Basem L Ra’ad, Hidden Histories: Palestine and the Eastern Mediterranean (Pluto Press 2010), xiii, 272pp.

The Palestinian people did not lose only their land in the Nakba of 1948, but their history as well. In Hidden Histories, Ra’ad explores how the Israeli colonisation of Palestine is also a colonisation of the Palestinian past; a continuing cultural appropriation which is particularly important because of the central role played in Zionism by the idea that the Jewish people are the original and therefore rightful owners of the territory.

It is ironic that in reviewing this analysis of the suppression of Palestinian history beneath Israeli discourse it should be necessary to start with Jewish history, but an understanding of the distortions of Jewish history is necessary to appreciate the full scale of the more complete disappearance of the Palestinian past. The Zionist version of the history of Palestine has a Jewish state existing in the region from the tenth century BCE, under Kings David and Solomon, and continuing until the mass expulsion of the Jewish people into exile by the Romans at the end of the first century CE. Modern Jewish populations across the world would be the descendants of these exiles, for whom the ‘Holy Land’ remains their rightful home.
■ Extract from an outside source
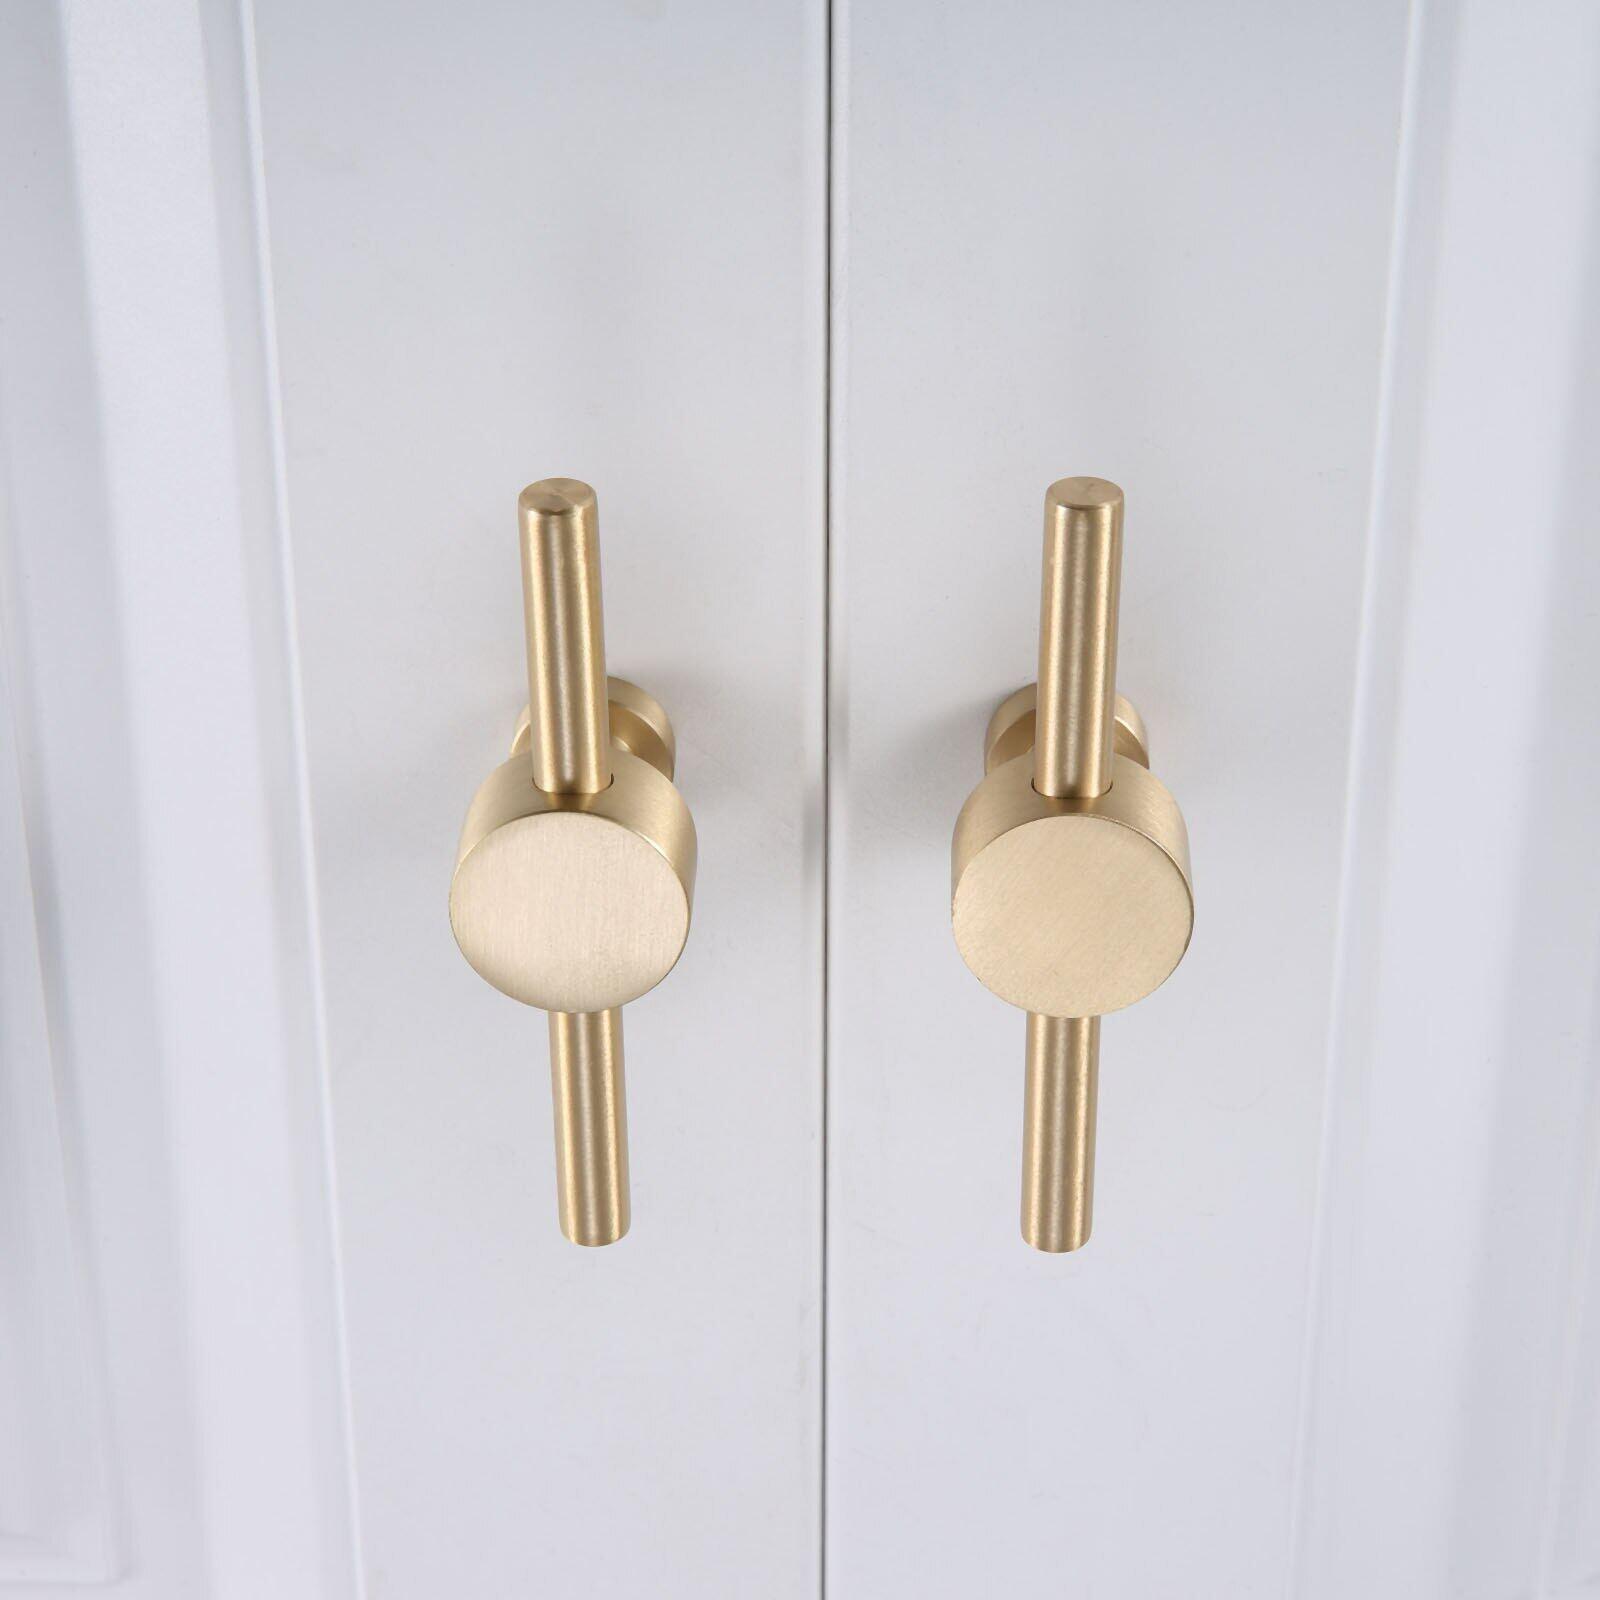 1pc 90mm T Bar Furniture Knobs Pulls Copper Kitchen Cabinet Door Handles Drawer Knobs Pull Dresser Handles Hardware Lazada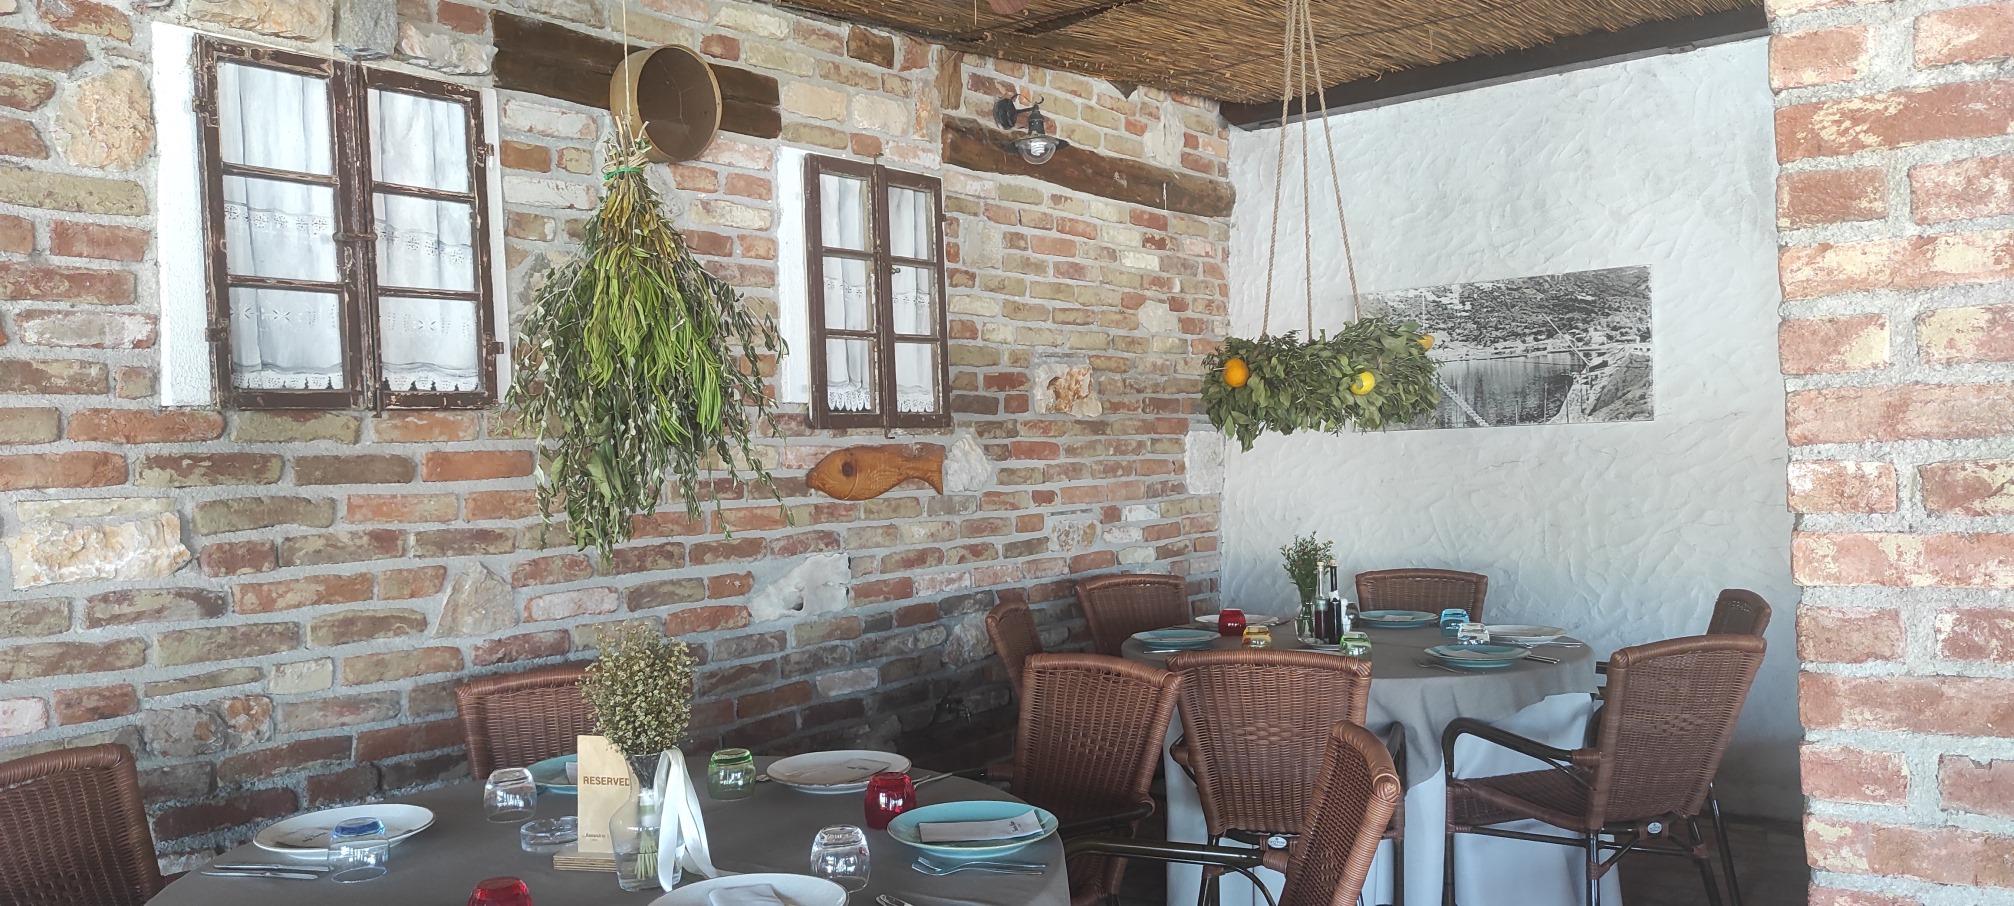 Doma je najljepše: Novi Vinodolski

This mythical history forms part of the institutions of the Israeli state – the Declaration of Independence of Israel refers to the Exile, as do Israeli bank notes – but a number of writers have shown that it is myth, not history. Recently, Shlomo Sand in The Invention of the Jewish People (Verso 2009) presented a convincing case that the Exile never happened, that there was no great expulsion from Palestine under the Romans. The existence of Jewish communities in Europe, North Africa and the Middle East is testament not to an ‘Exile’ but to Judaism’s success as an expansionist religion in the ancient world, to which significant numbers were prepared to convert. The best known mass converts were the Khazars, a Turkic people living in present day Ukraine and Georgia who converted in the eighth century CE, but these were only the latest in a number of less familiar but historically well-attested conversions.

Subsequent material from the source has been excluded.